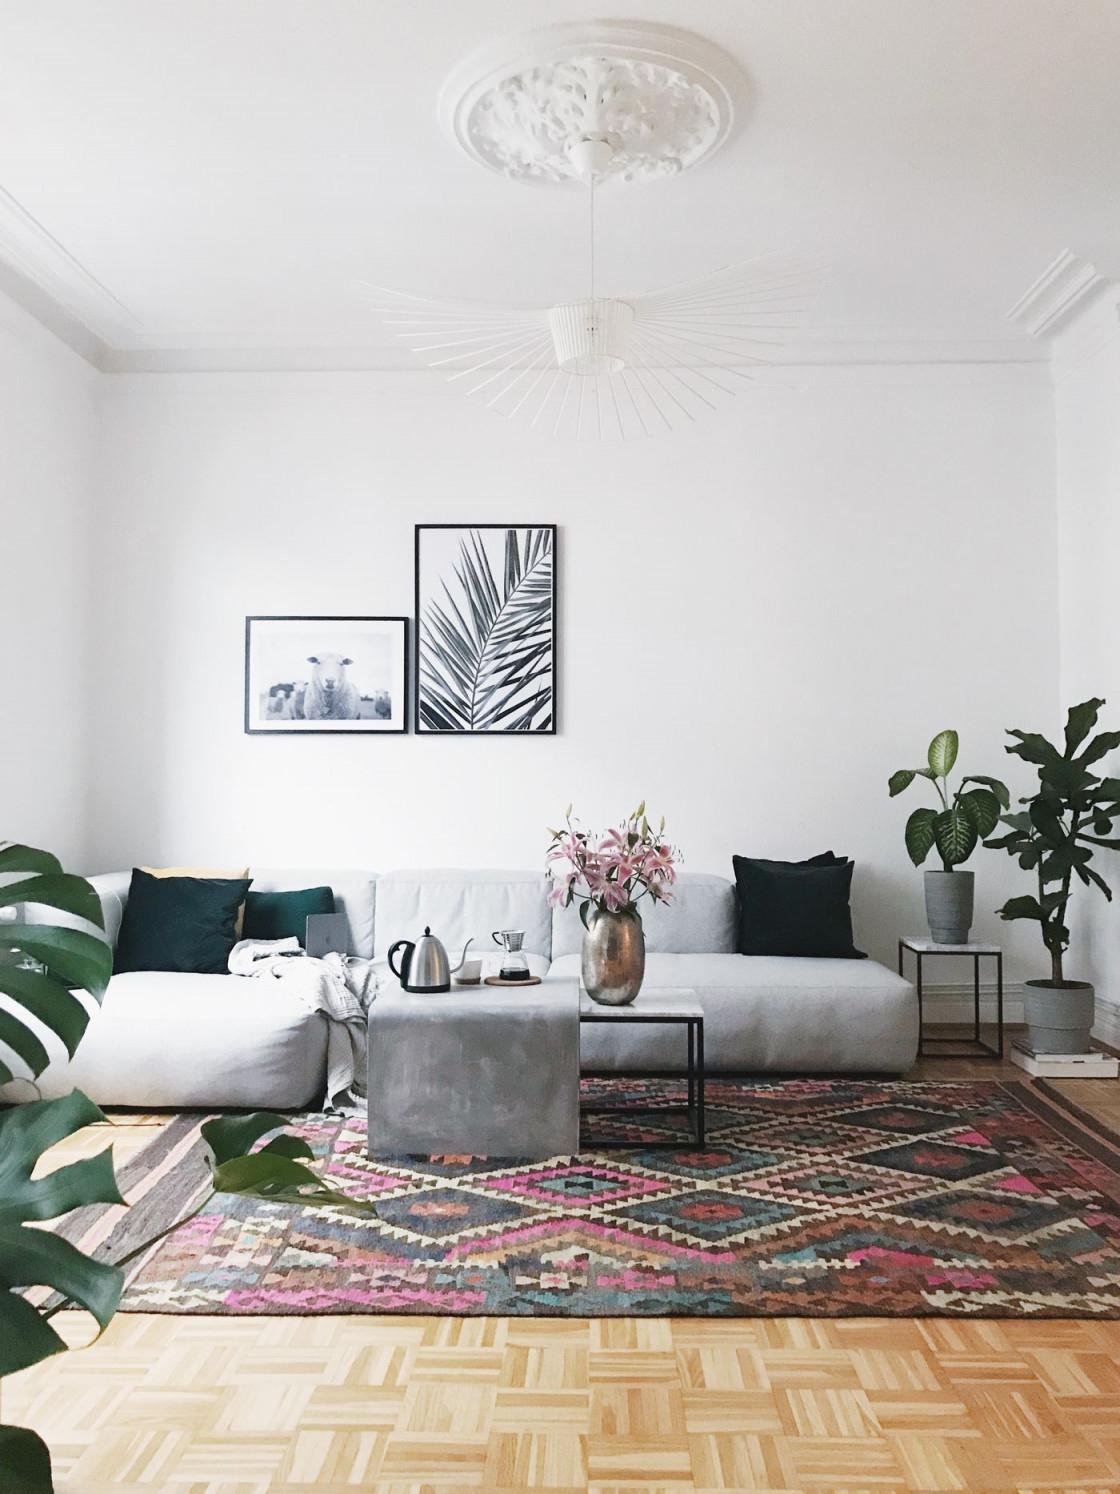 Die Schönsten Wohnzimmer Deko Ideen von Schöne Deko Wohnzimmer Photo
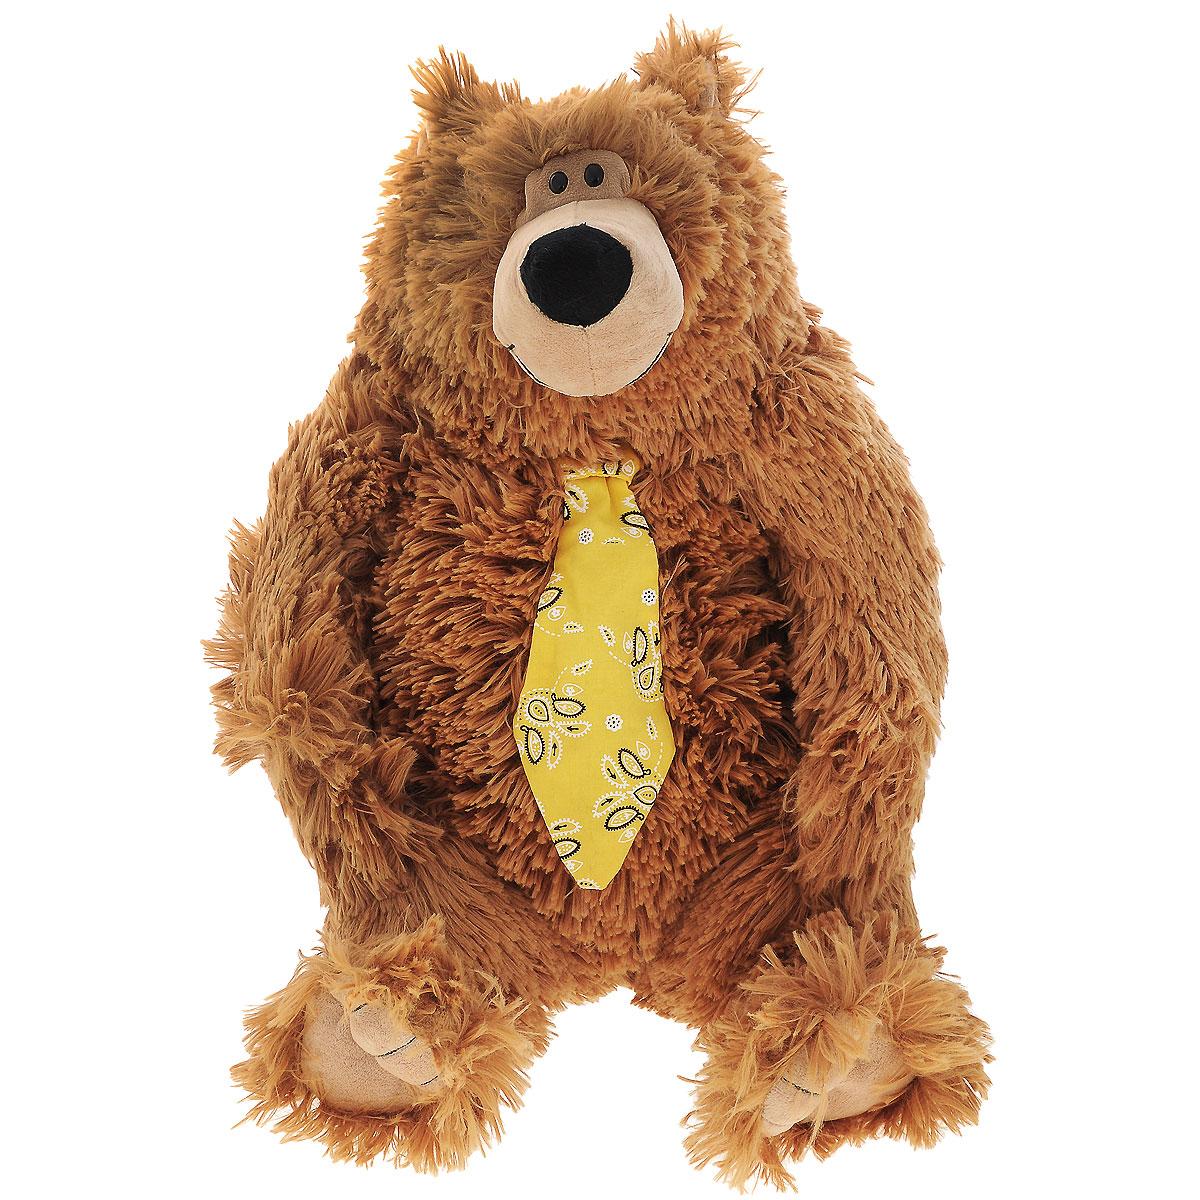 Мягкая игрушка Plush Apple Медведь в галстуке, цвет: коричневый, 47 смK93423A4Яркая мягкая игрушка Plush Apple Медведь в галстуке коричневого цвета привлечет внимание не только ребенка, но и взрослого. Мишка большой, в сидячем положении 47см. Изготовлен из экологически чистого текстиля, наполнитель синтепон. При изготовлении используются новейшие материалы, уникальная технология, авторский дизайн и ручная проработка деталей. Невероятно мягкий и нежный, с ним так приятно играть, ходить на прогулку и засыпать, прижавшись к его бочку. Плюшевые игрушки помогут любому человеку выразить свои чувства и преподнести незабываемый, оригинальный подарок своим близким и любимым.
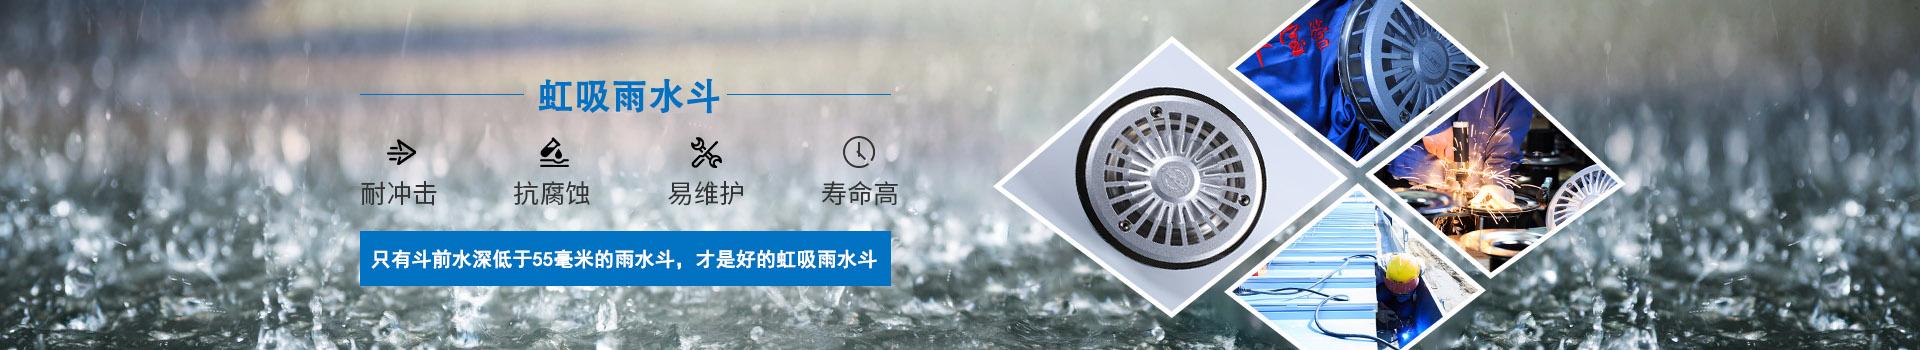 虹吸雨水斗广告

## [Task requirements]
Please output the material above unchanged, apart from removing the pictures.

## [Answer to this problem]
 Die Schönsten Wohnzimmer Deko Ideen von Schöne Deko Wohnzimmer Photo
 Мягкая игрушка Plush Apple Медведь в галстуке, цвет: коричневый, 47 смK93423A4Яркая мягкая игрушка Plush Apple Медведь в галстуке коричневого цвета привлечет внимание не только ребенка, но и взрослого. Мишка большой, в сидячем положении 47см. Изготовлен из экологически чистого текстиля, наполнитель синтепон. При изготовлении используются новейшие материалы, уникальная технология, авторский дизайн и ручная проработка деталей. Невероятно мягкий и нежный, с ним так приятно играть, ходить на прогулку и засыпать, прижавшись к его бочку. Плюшевые игрушки помогут любому человеку выразить свои чувства и преподнести незабываемый, оригинальный подарок своим близким и любимым.
 虹吸雨水斗广告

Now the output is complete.